This was an application for permission to appeal by the charterer of the CV Stealth[1], from an arbitration award holding they were liable to the owner of the ship for the financial consequences of the ship’s detention at Puerto La Cruz, Venezuela. The judge dismissed the application on the basis that the charterer failed to satisfy the criteria set out in the Arbitration Act 1996 (the Act).

Appeal on a point of law

A procedural question arose as to whether the charterer even required permission to appeal since  there was an agreement between the parties, in clause 41 on the Shelltime 4 form, that ‘either party might appeal to the High Court on any question of law arising out of an award’.

Under section 69(1) of the Act, a party to arbitration proceedings may appeal an arbitration award on a point of law. Section 69(2) further provides that an appeal can only be brought with the agreement of all parties, or with the English court’s permission. When considering whether to grant permission to appeal, the court should be satisfied that the determination as to the question of law will substantially affect the rights of the parties (section 69(3)(a)).

The charterer here argued that they did not need the English court’s permission to appeal because clause 41 constituted an agreement to appeal under section 69(2) of the Act. Although the owner accepted that clause 41 allowed the parties to appeal, they argued that the agreement was limited to only questions of law arising out of the award and the charterer’s appeal included questions of fact.

High Court decision

The High Court refused permission to appeal on the following grounds:

  1. Clause 41 was clearly drafted with the terms of section 69(3)(a) of the Act in mind.

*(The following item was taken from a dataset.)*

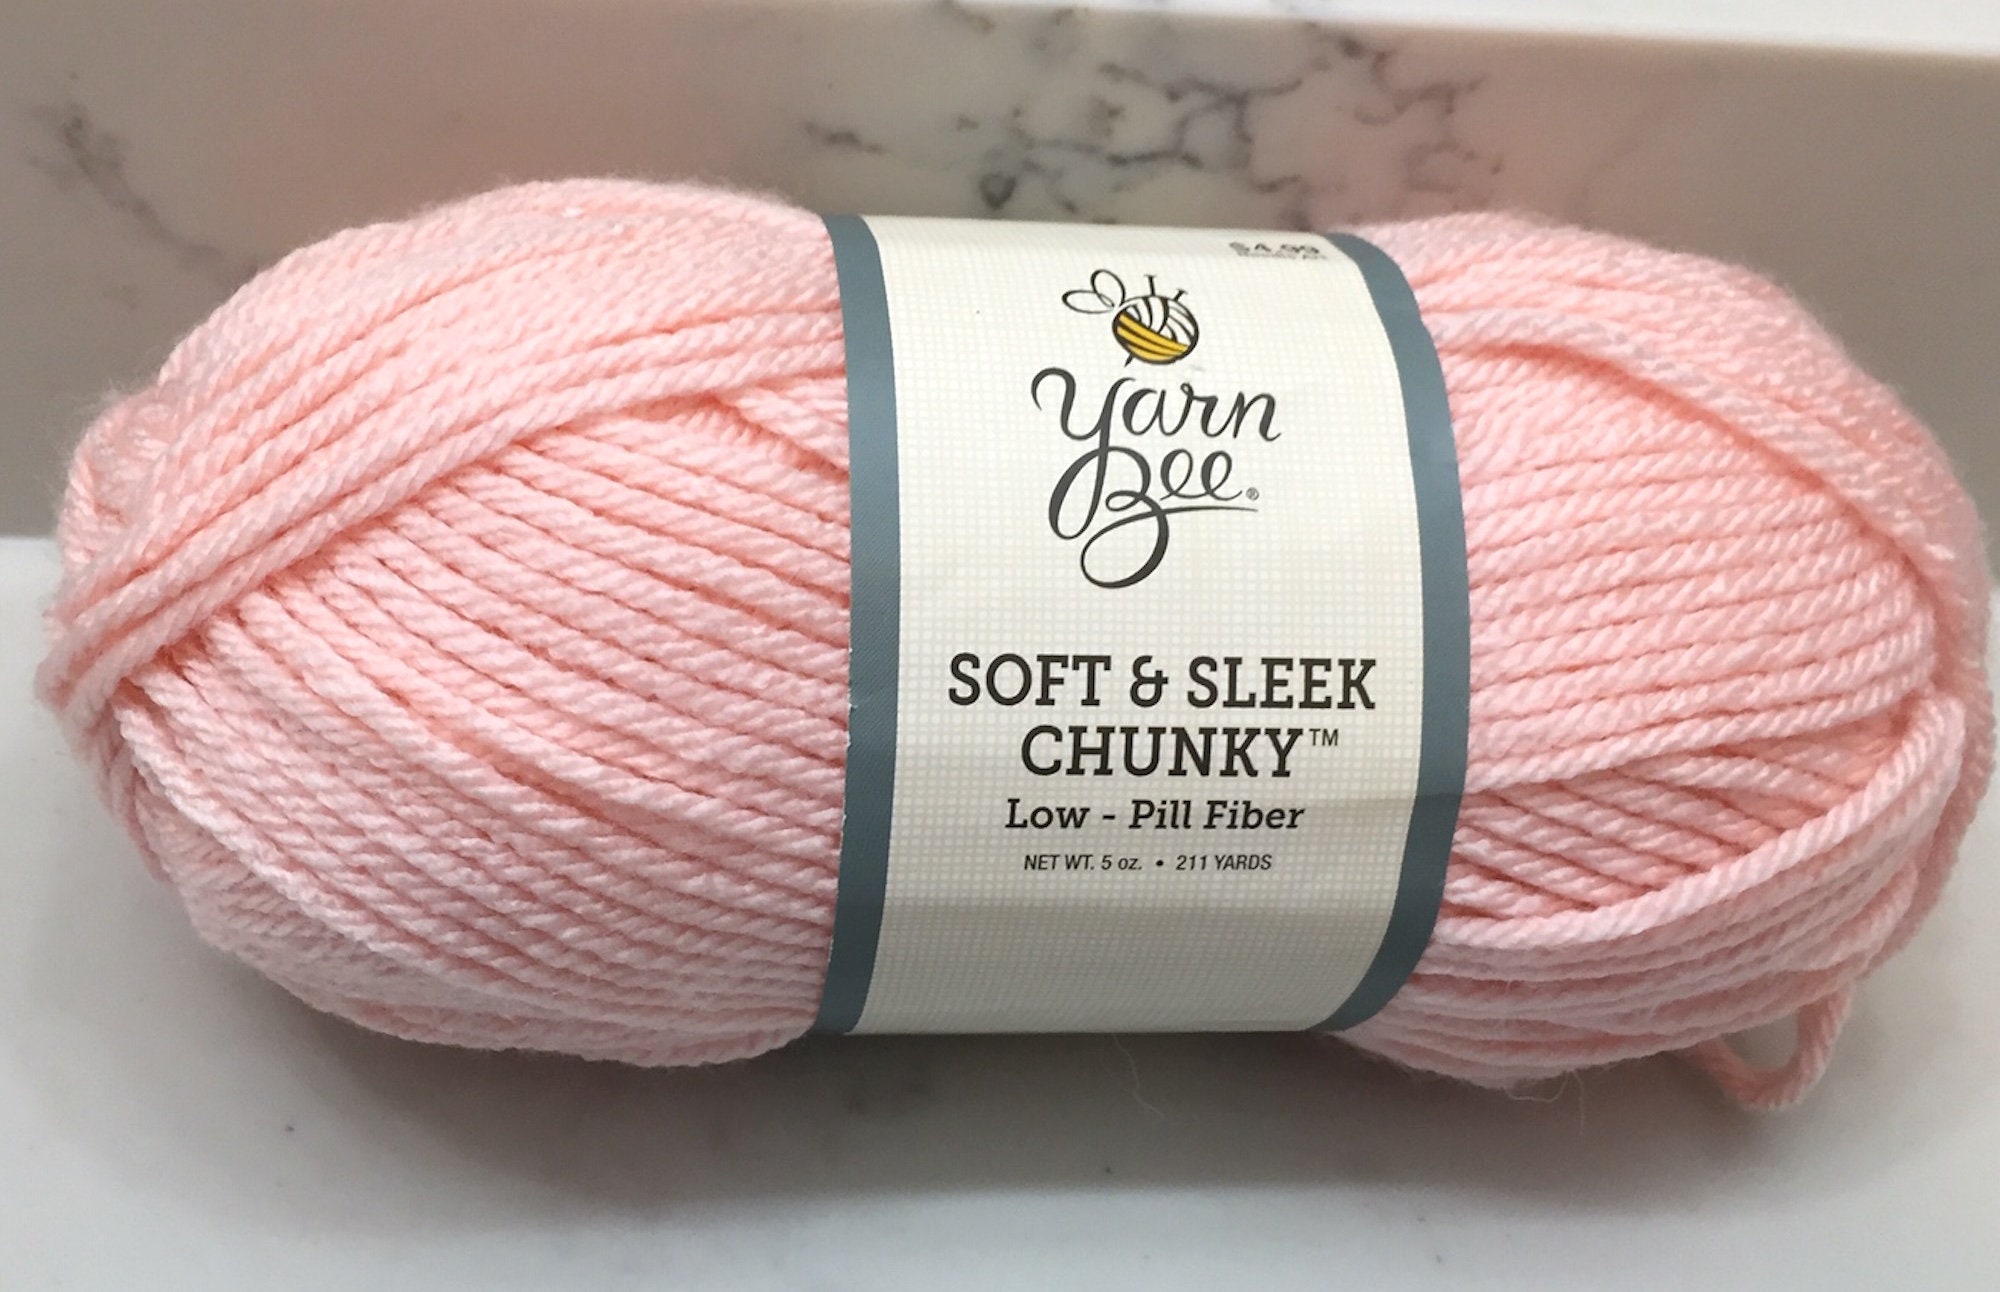 Yarn Bee Soft & Sleek Chunky Yarn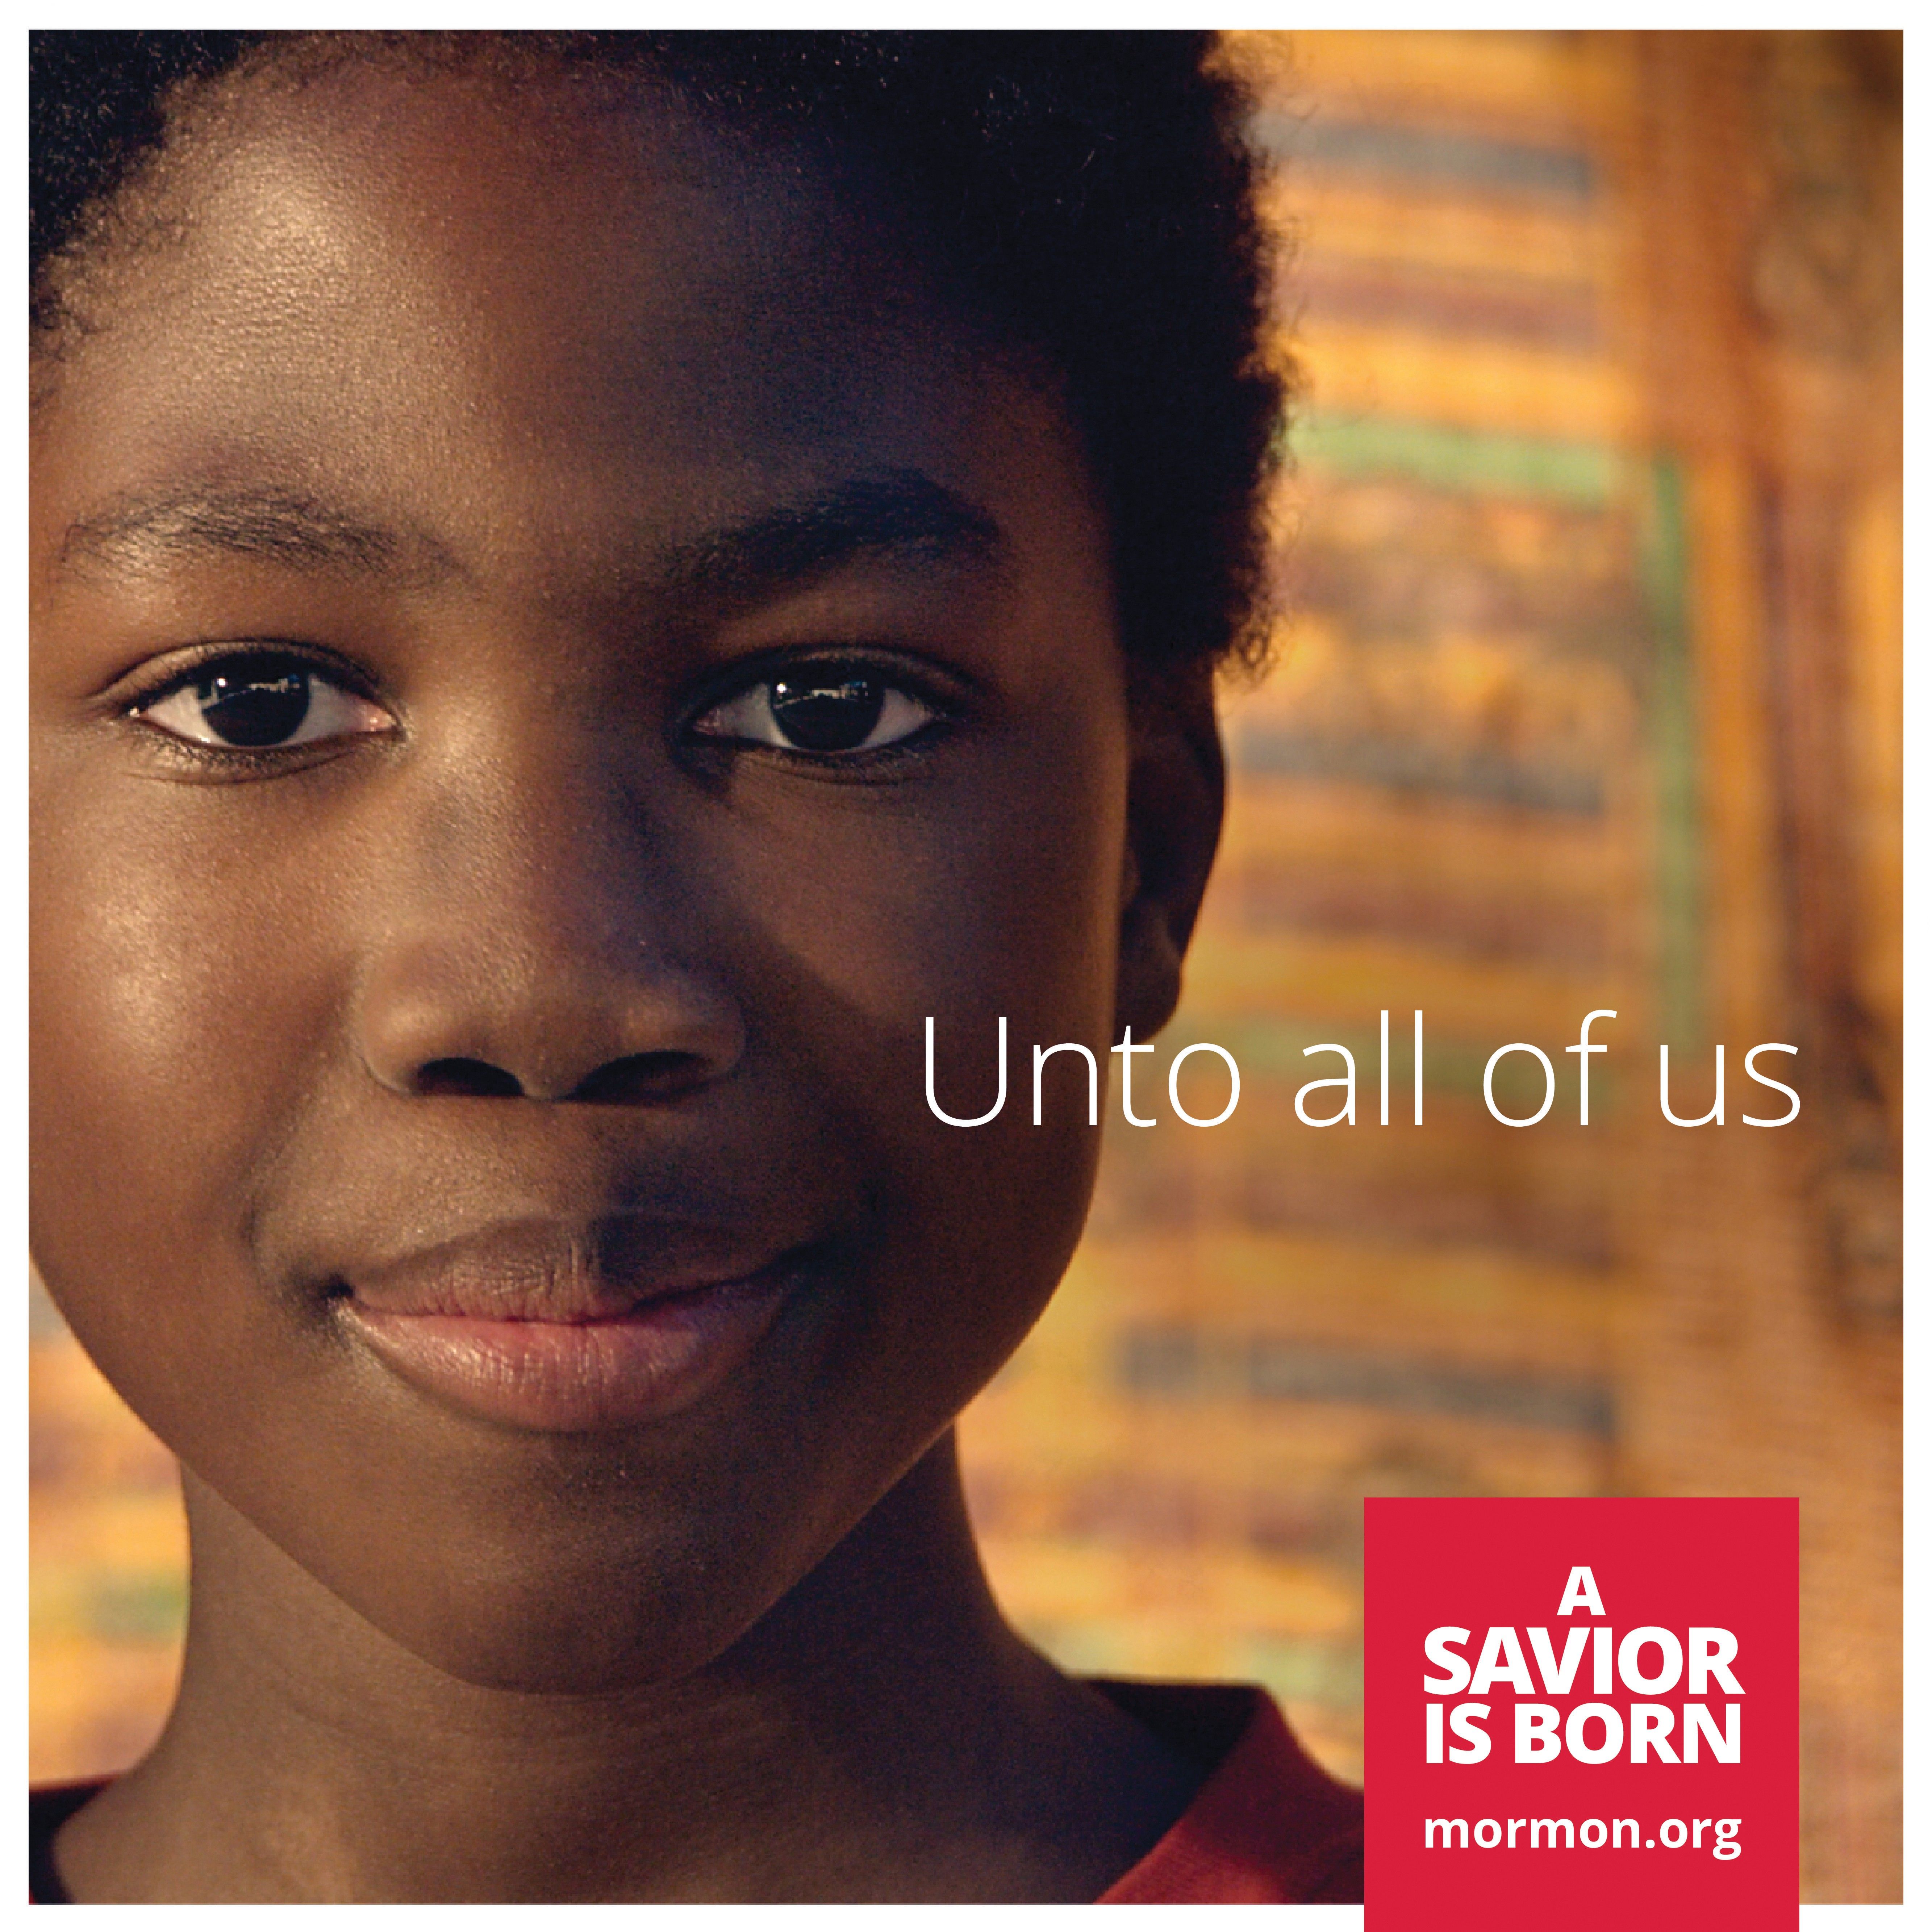 “Unto all of us.” —mormon.org, “A Savior Is Born”

The scope of clause 41 was limited to questions of law whose determination by the court would substantially affect the right of the parties. On these facts the charterer failed to prove that all the questions raised were indeed questions of law.
  2. Under the Act the issue is whether the determination as to the question of law will substantially affect the rights of the parties, not whether it may.  The court here was not convinced that the questions raised would substantially affect the parties’ rights beyond a purely academic consideration.
  3. Unless it is obvious from the terms of the award, the party asserting that the court’s leave is not required has the onus of proving that such an agreement has been reached.  The judge was not convinced that the charterer here had established this fact with adequate evidence.


The decision helps to clarify the scope of section 69 of the Act. Parties have the option to include a bespoke clause into the subject charterparty, to allow them to appeal an arbitration award, but in this instance the clause reflected the statutory test in section 69(3)(a) and, in the absence of a question of law which would substantially have affected the rights of the parties, the court’s permission was still required.  This case makes clear that an attempt to ‘dress up’ a finding of fact as a point of law will not succeed and the courts remain reluctant to interfere with an arbitrator’s findings unless there is good reason to do so.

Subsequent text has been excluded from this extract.